Было бы неплохо услышать грозу.

Она наклоняет Лизу к земле, держа её за талию так крепко, такую хрупкую, заверяя, что она не упадёт. Не из её рук. А Лиза это прекрасно знает.

Ответа на это ей не приходит. Лиза продолжает напевать.

А потом Джинн притягивает её ближе, и Лиза запинается — она тут же её подхватывает, ни секунды на размышления. И Лиза больше не улыбается, смотрит на неё так уставше, так вымученно, так влюблённо, что…

И целует.

Сколько бы поцелуев они не разделили — Джинн всегда чувствует их каждым потерянным вдохом. Выдыхает через нос, прикрывает глаза. Целует Лизу в ответ так, как целовала бы её у алтаря — трепетно касается щеки.

На щеках у неё мокро, но… это не её слёзы. Пока ещё не её.

Мягко отстраняя Лизу от себя, Джинн всё ещё остаётся от неё на расстоянии пары вдохов. Она берёт мягкое, красивое лицо в свои руки, смахивает слёзы большими пальцами, но это лишь заставляет Лизу горько засмеяться.

— Я надеюсь… надеюсь, мы ещё сможем вот так потанцевать.

— Сколько захочешь, Лиза, столько и будем танцевать.

— Пообещай мне, — отчаянно шипит она. Ещё немного, и её голос задрожит, как небеса в страшную грозу, — Поклянись, что ты будешь жить и защищаться, Джинн, я требую чтобы ты поклялась!

 — Я, Джинн Гуннхильдр, наследница клана Гуннхильдр и Действующий Грандмастер. Рыцарь Одуванчик и Рыцарь Львиный Клык. Да будет ветер мне свидетелем: я даю клятву, что не смотря ни на что, я продолжу сражаться не до последней капли крови, но до тех пор, пока не увижу тебя вновь. Я даю клятву жить.

Пару лет назад эти слова не посмели бы даже зародиться в её голове, не говоря уже о том, чтобы покинуть её собственных губ. Сейчас она говорит их твердо, с уверенностью и решимостью, с какой переворачивают небеса, и этого достаточно, чтобы отчаяние на таком прекрасном-прекрасном любимом лице смягчилось, обратившись чем-то далёким и… спокойным. Главное, что она спокойна. Это значит, что Лиза верит ей.

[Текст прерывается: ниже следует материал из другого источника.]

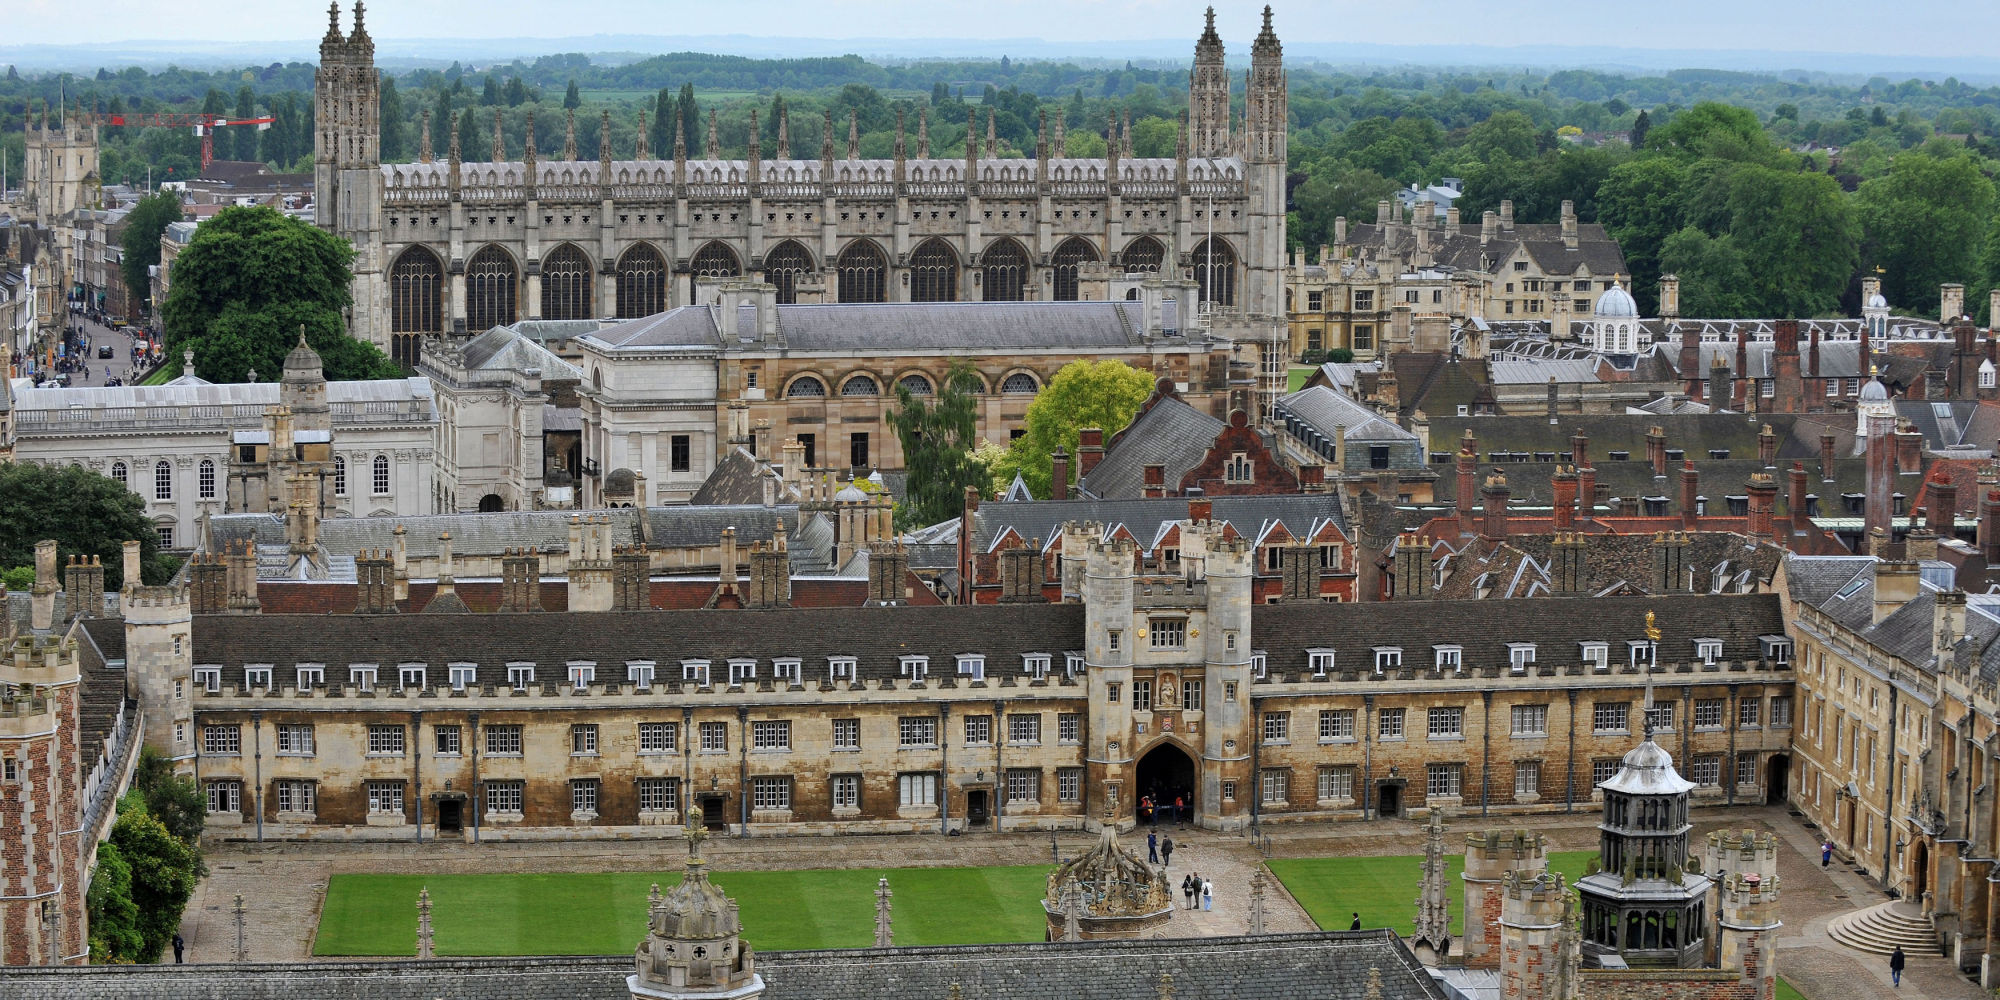 I Spent Three Years at Cambridge University and It Made Me an Arrogant

— Тогда я верю, — Лиза смеётся, не перестаёт плакать, но смеётся, улыбается, и её так хочется прижать поближе к груди и не отпускать, — И не вздумай его нарушить, Джинн. Иначе угрожать тебе будет сама Ведьма Пурпурных Роз, ясно?

— Ясно как день, — и оставляет мягкий поцелуй на мокрой щеке, прямо под глазом. Там у неё собрались родинки.

***

Джинн просыпается ещё до того, как первые лучи солнца касаются окон штаба. Недолгий сон, но она привыкла — такова её работа теперь. Может, стоило больше ценить время в мягкой кровати, когда такая возможность ещё была… когда всё закончится, когда город снова начнёт жить, она возьмёт долгий-долгий отпуск.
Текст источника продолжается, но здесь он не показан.